We are the few, the proud, the brave members of Gen X who continue to make our way through the world while many of our peers have given up.

Do you remember, before we were Generation X, when we were the Pepsi Generation? Right about that time that Michael Jackson’s hair caught on fire? We were told that Pepsi was the choice of a new generation and there were videos and apparently our generation bought into it hardcore. We were also Peppers. Wouldn’t you like to be a Pepper, too? But that Pepsi Generation technique was actually a marketing campaign for Baby Boomers first and it worked so well for Pepsi when Baby Boomers were kids that they thought they’d try it out on us, too. And all the generations after. How you like Pepsi, Generation Next? Feel like joining the conversation since you “are the movement, this generation“? A lot of the conversation about generations is actually driven by advertising.

I read an article about an ad campaign for Lululemon wherein they’re targeting “the Yoga generation.” And which generation is that? As far as I can tell, every generation is doing yoga. My grandmother was doing yoga in the 70s and she was the Silent Generation. So that’s dumb. But…that’s what I mean, they’re trying to put you in a generational category so they can sell you stuff. I say you, not me, because advertisers are apparently not targeting Gen X-ers, because there are so few of us.

And here I think we have the heart of why Gen X tends to resist being labeled. We somehow have always known that once a marketer could label us, they were getting ready to sell us shit. But what’s hilarious is that marketers worked this out about us anyway – so they got sneakier with us when they still cared about us. I once bought a record almost entirely because of it’s ironic cover.

What’s ironic is now that Gen X is older, some members of Gen X have more money to spend but advertising has (mostly) stopped trying to reach us. Which probably explains why there’s been a recent bubbling up of Gen X articles. Marketers are perhaps getting interested in us again. For good and ill, I imagine. Just google anything to do with advertising and Gen X and you will see such an extraordinary trove of weird articles about how to advertise to us. Actually, search how to market to any generation and you’ll see some eye opening stuff about what’s going on behind that advertising curtain and where you might be vulnerable.

So Millennials and Gen Z, just in case you’re still here…I think it might be useful to recognize that when you see articles and listicles and so on and so on that reference your generation, you are probably being marketed to. The condescending pieces about you that make you mad may be designed to encourage you to spend your money on something or just click on something to get an ad near your eyeballs. The imaginary rivalries between Gen X and Millennials, or between Millennials and Boomers, are essentially clickbait for the people trying to sell you stuff.

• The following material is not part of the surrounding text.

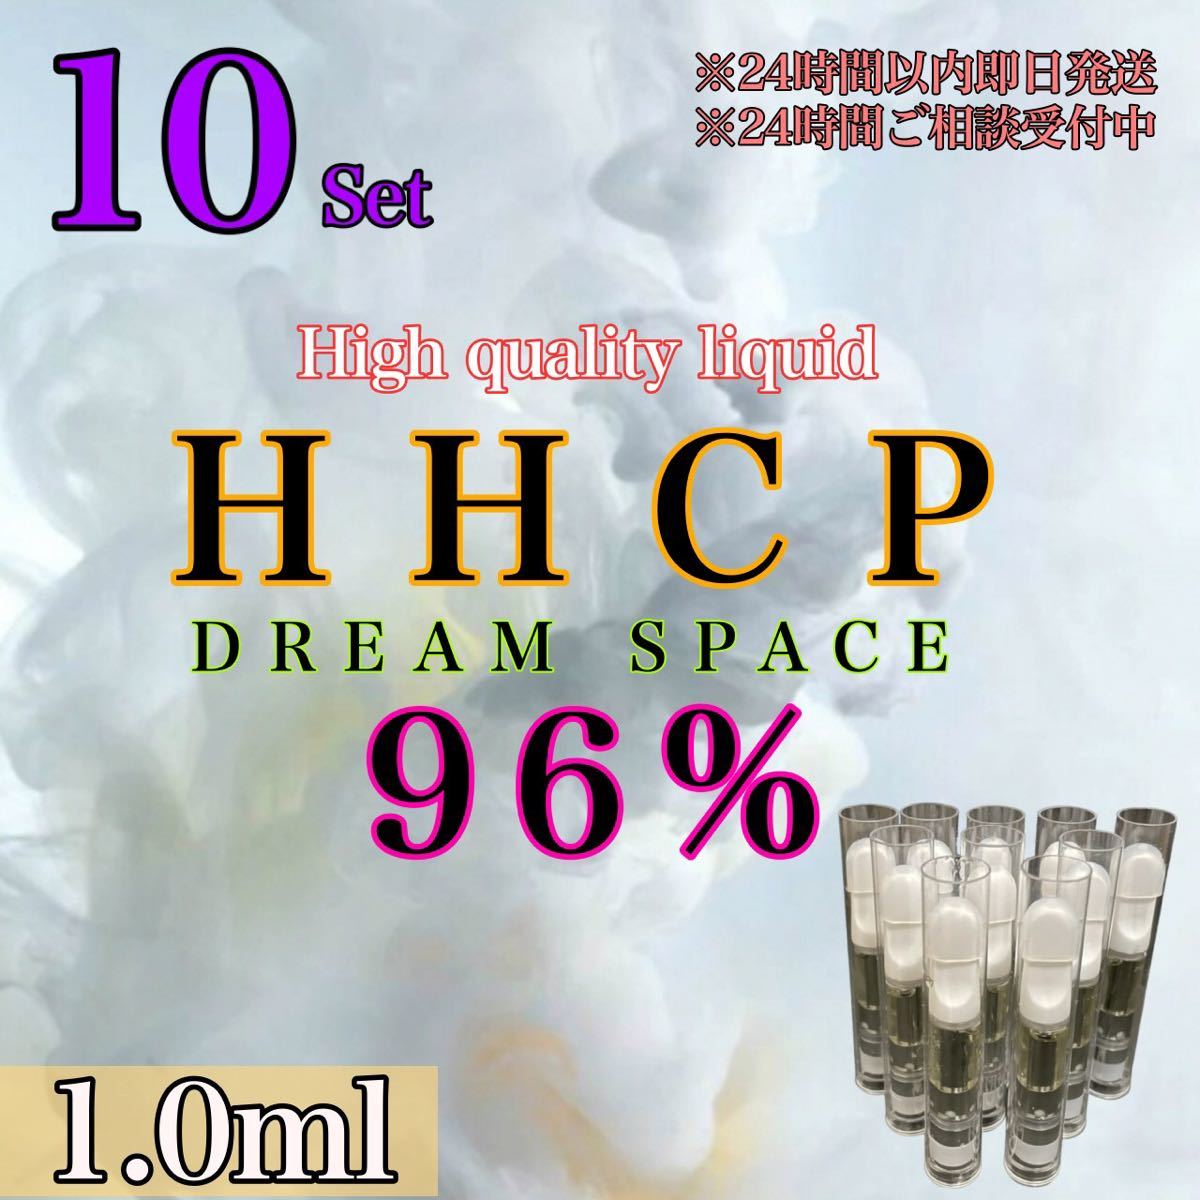 10本）HH原料96%使用リキッド 不眠症改善に最適☆内容量1.0ml

As we now carry devices that have the capacity to market to us everywhere we go, we all need to become savvier about our vulnerabilities to advertising. As marketing becomes more personal and more direct, it will become harder and harder to remember our humanity. It might be helpful for all generations to take on some of our good ole Gen X skepticism.

We seem to now live in a world of relentless marketing. And it’s not just businesses who are marketing at us. The new norm seems to be a kind of marketing of self. People have become brands instead of individuals.

Most of Gen X has a gut response to this trend and it is a strong-armed revulsion. To us, this branding of people carries all the horrors of the origin of the word – the branding of cattle with a hot iron. For most of Gen X, this branding of the soul is relentlessly uncool. We liked our icons reclusive, uninterested in self promotion, and intensely private. Prince once gave an interview to the BBC wherein he neither spoke nor showed his face. Both Kurt Cobain and David Foster Wallace were incredibly uncomfortable with their own popularity.Can you imagine a Cobain clothing line? A David Foster Wallace cologne? For us, as soon as a band became popular, it ceased to be cool.

But we live in a gig economy now and if we want to survive, we must do as the digital natives do and put out all of our goods for clicks and likes. We cannot be the reclusive geniuses we want to be because the world doesn’t work that way anymore – And maybe it never did.

Every Gen X-er I know is deeply uncomfortable with self promotion. We recognize that we need to sell our book or our record or our blog or our podcast or our show or our theatre company or our business or whatever it is but it is highly problematic for us.

If we do it, we tend to see it as a necessary evil. I’ve taken multiple marketing classes and despite having a lot of knowledge and skill at my disposal, I have generally yielded next to no results. While attempting to sell my show in the highly crowded market of the Edinburgh Fringe, I discovered that the only real marketing skill I had – that is, the only thing that would reliably bring people to the theatre – was making friends. Like, actual friends. This is the only successful marketing I have ever done. I made some friends who showed up for me because that’s what friends do for each other.

I have had a podcast for over a year and I am so bad at self promotion that most of my best friends don’t even know about it.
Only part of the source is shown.